• WORK INSTRUCTIONS:
Write out, with no changes, every line starting at the one that contains "Wonderful World 3D" and ending at the last line of the data below. Leave pictures out.

• GIVEN MATERIAL:
+===+

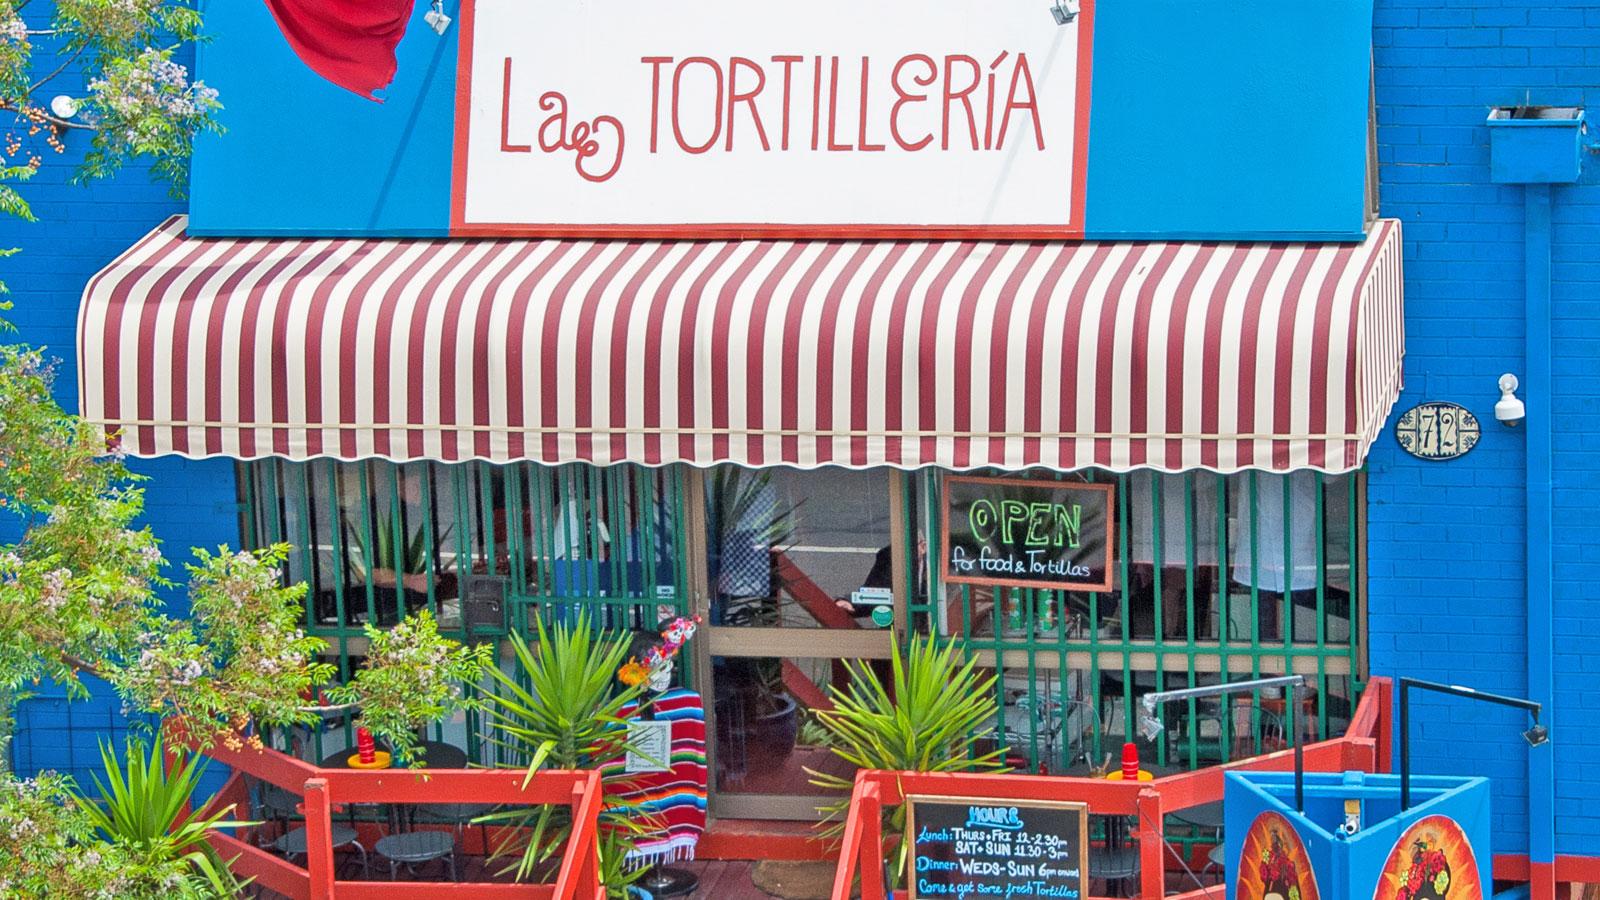 La Tortilleria, Kensington, Melbourne, Victoria, Australia
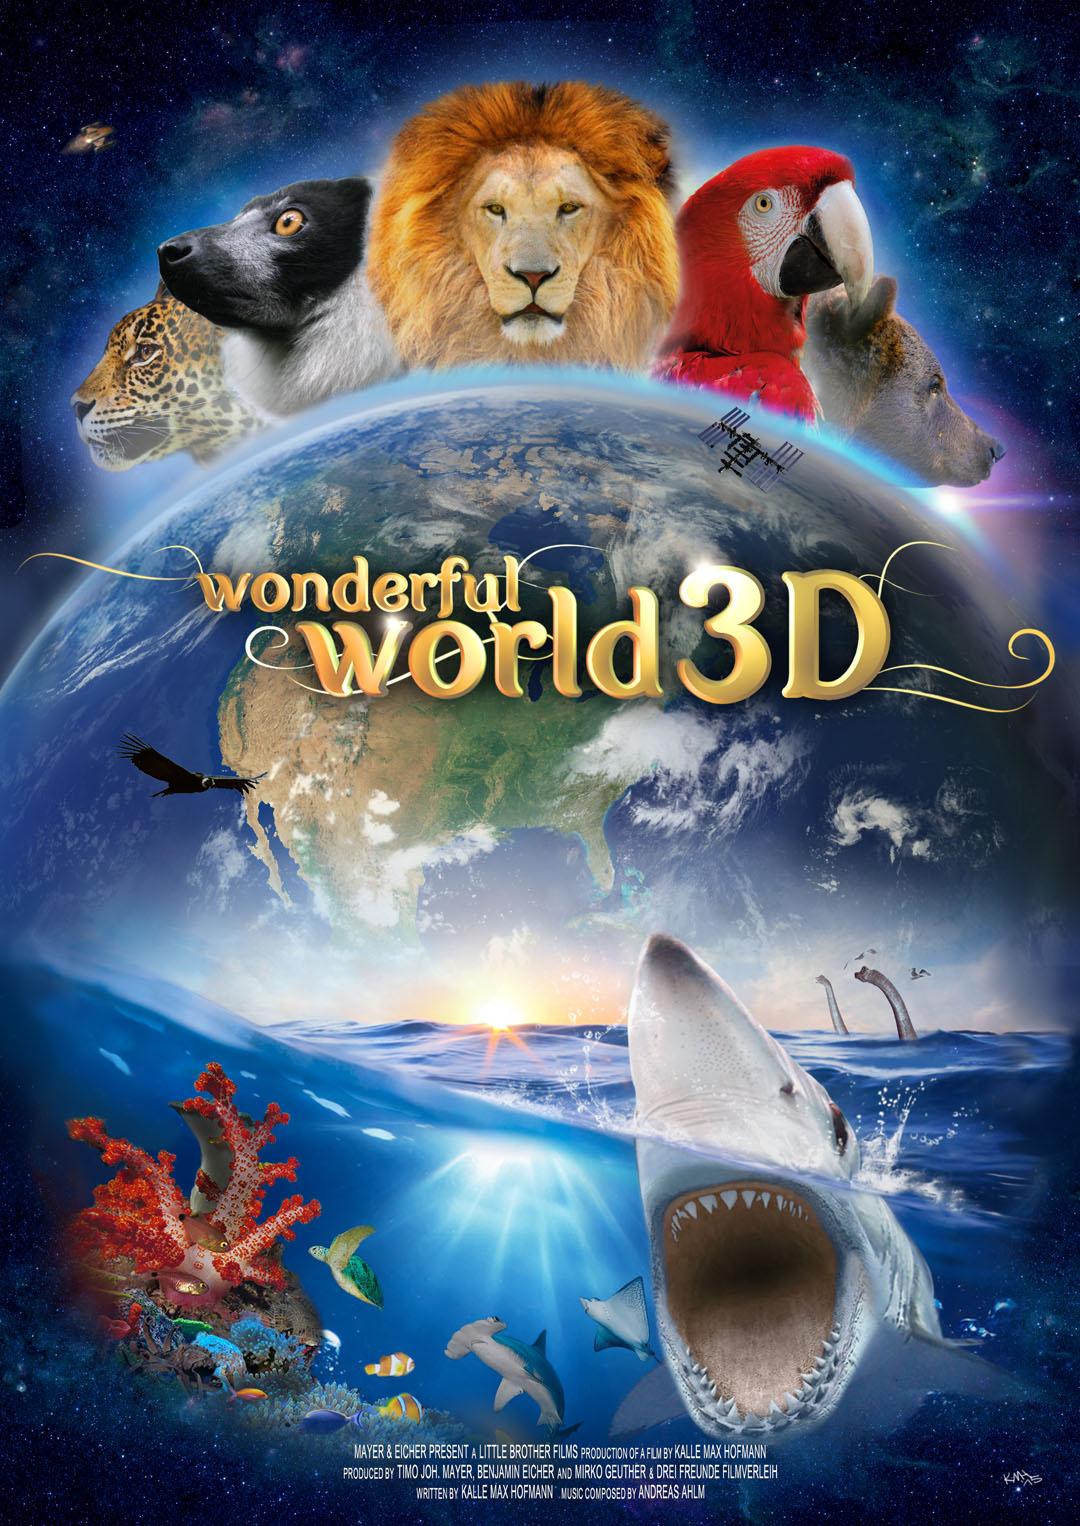 Wonderful World 3D (2015) - Photo Gallery - IMDb
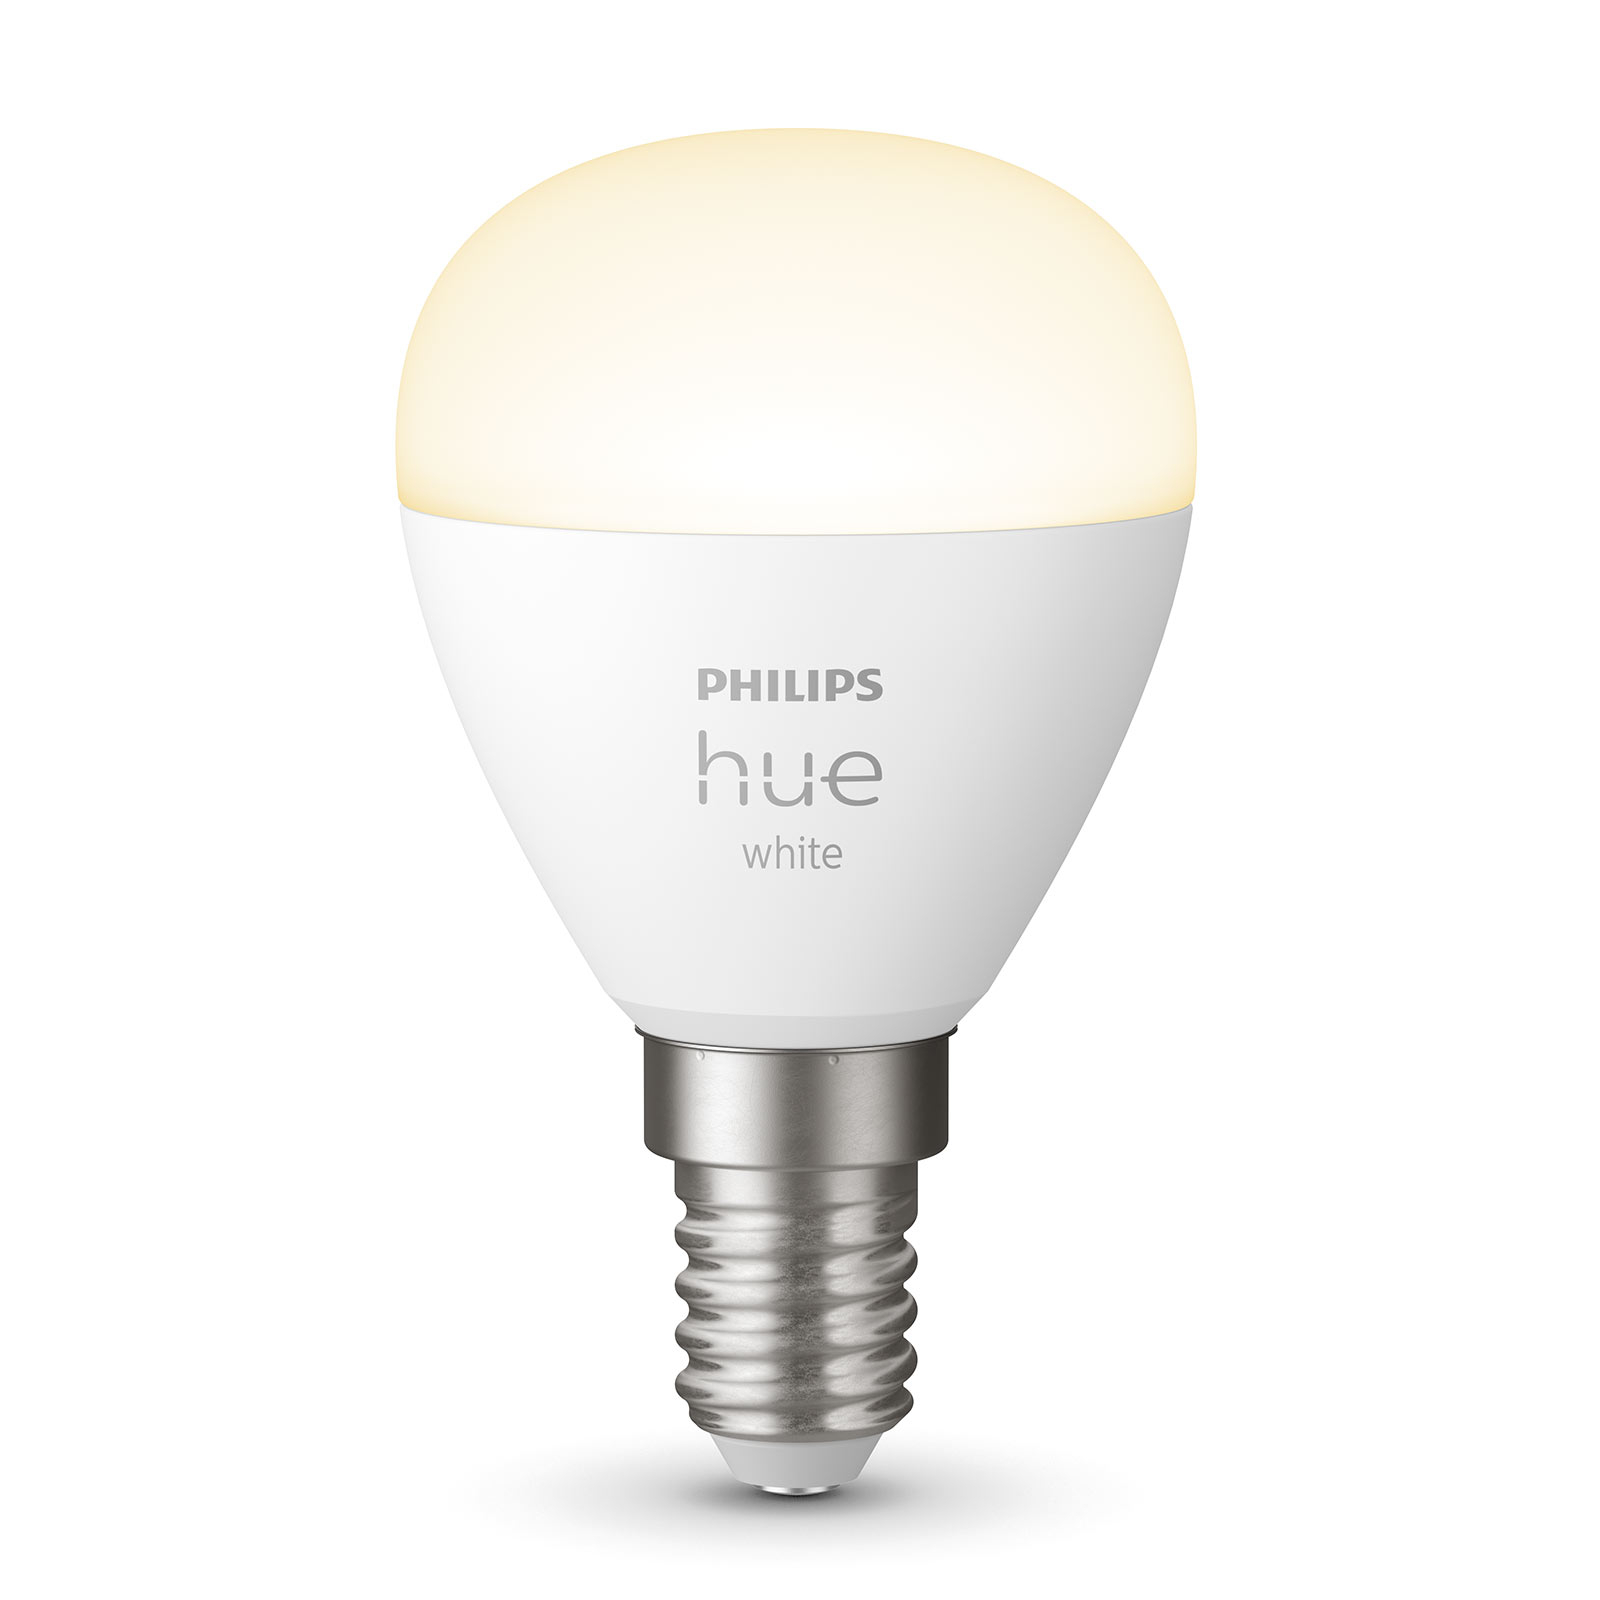 Philips Hue White LED-Tropfenlampe E14 5,7W 2.700K kaufen

+===+

• RESPONSE AREA:
 Wonderful World 3D (2015) - Photo Gallery - IMDb
 Philips Hue White LED-Tropfenlampe E14 5,7W 2.700K kaufen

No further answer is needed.